Physical characteristics
- Source confluence: Mackintosh River and Murchison River
- • location: below Tullah
- • elevation: 191 m (627 ft)
- Mouth: Hardwicke Bay
- • coordinates: 41°40′13″S 144°55′9″E﻿ / ﻿41.67028°S 144.91917°E
- • elevation: 0 m (0 ft)
- Length: 26 km (16 mi)

Basin features
- • left: Ring River, Stitt River, Heemskirk River
- • right: Marionoak River, Wilson River (Tasmania), Huskisson River, Stanley River (Tasmania), Paradise River (Tasmania), Owen Meredith River, Savage River (Tasmania), Whyte River, Donaldson River (Tasmania)
- Reservoir: Lake Rosebury, Lake Pieman

= Pieman River =

River in western Tasmania, Australia

The Pieman River is a major perennial river located in the west coast region of Tasmania, Australia.

==Course and features==
Formed by the confluence of the Mackintosh River and Murchison River, the Pieman River rises in what is now known as Lake Rosebury, an artificial lake formed by the Bastyan Dam. The river flows generally west and northwest and then west again, joined by 21 tributaries including the Mackintosh, Murchison, Marionoak, Ring, Wilson, Stitt, Huskisson, Stanley, Heemskirk, Paradise, Owen Meredith, Savage, Whyte and Donaldson rivers before emptying into Hardwicke Bay and reaching its mouth in the Southern Ocean. The river descends 191 m over its 100 km course.

The river is impounded at Bastyan by the Bastyan Dam (and adjacent hydroelectric power station) to form Lake Rosebury; and at Reece by the Reece Dam (and adjacent hydroelectric power station) to form Lake Pieman. Both reservoir and power stations from part of the Hydro Tasmania-operated Pieman River Power Development. The construction of the power development scheme also altered the route of the Emu Bay Railway, and submerged a variety of rail heritage sites in the vicinity of the river, notably parts of the Wee Georgie Wood Railway or North Farrell Tramway line.

==Etymology==
The Aboriginal Tasmanians knew the river as Corinna, which is the Peerapper word for the thylacine.

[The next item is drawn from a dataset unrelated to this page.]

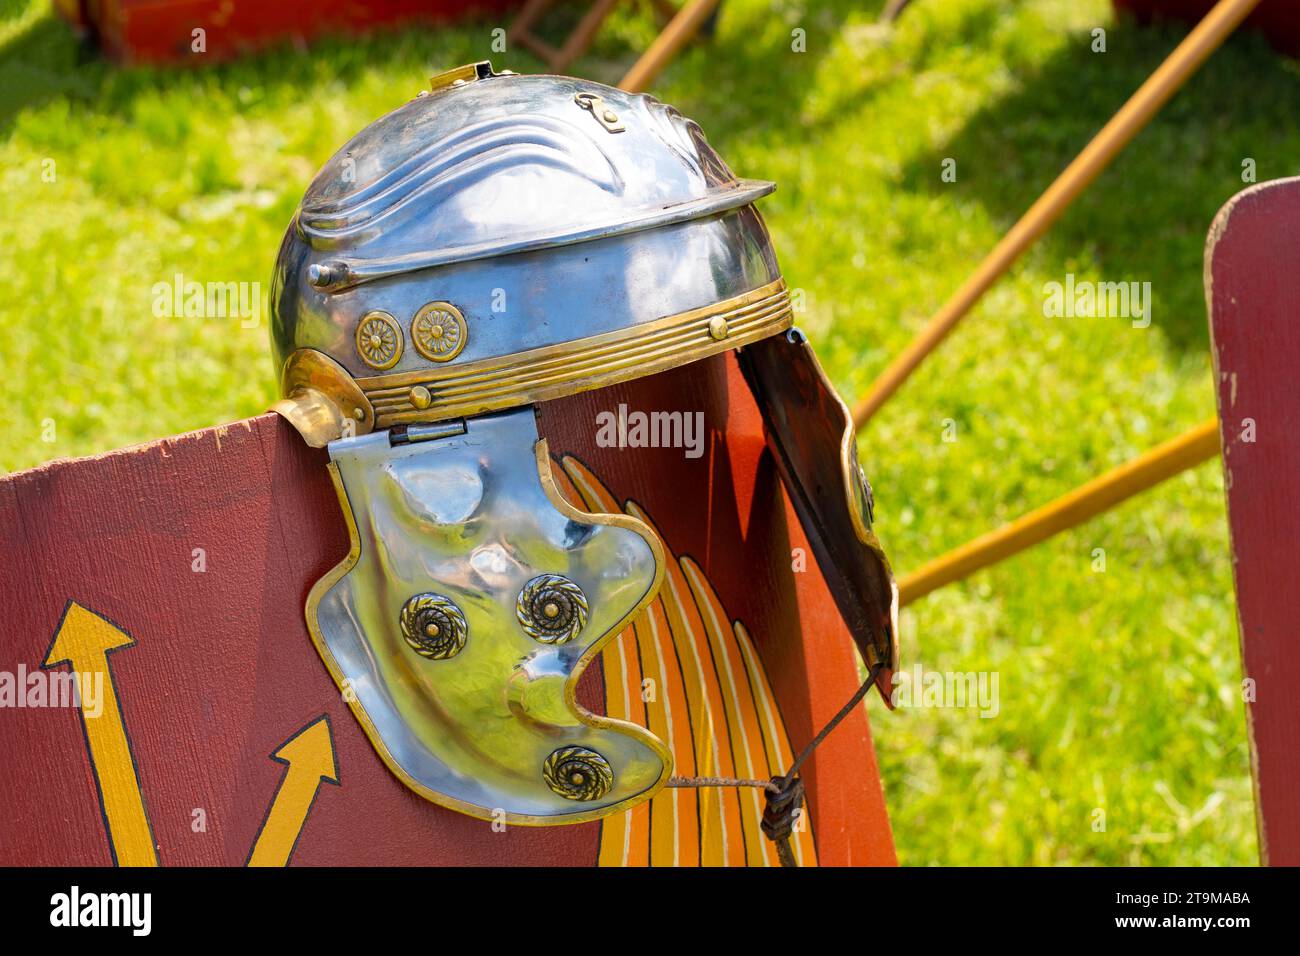 Ancient Roman legionary helmet on a red legionary shield Stock Photo

The once-common suggestion that the river's English name comes from a convict "The Pieman" Alexander Pearce who was responsible for one of the few recorded instances of cannibalism in Australia, is not correct. "The Pieman" was in fact Thomas Kent of Southampton, a pastry-cook who was transported to Van Diemen's Land in 1816. After a long series of offences in the colony, he was sent to the Macquarie Harbour Penal Station in 1822 but subsequently escaped, and was recaptured near the mouth of the river which now bears his nickname. The river has significant timber, mining and industrial heritage along its shores.

==See also==

- List of rivers of Australia

== Maps ==
- "Pieman River power development map. Tourist map on orthophoto base, showing power developments, for the area Corinna-Lake Mackintosh-Trial Harbour. Includes power stations, tourist facilities, and historical notes" (1982)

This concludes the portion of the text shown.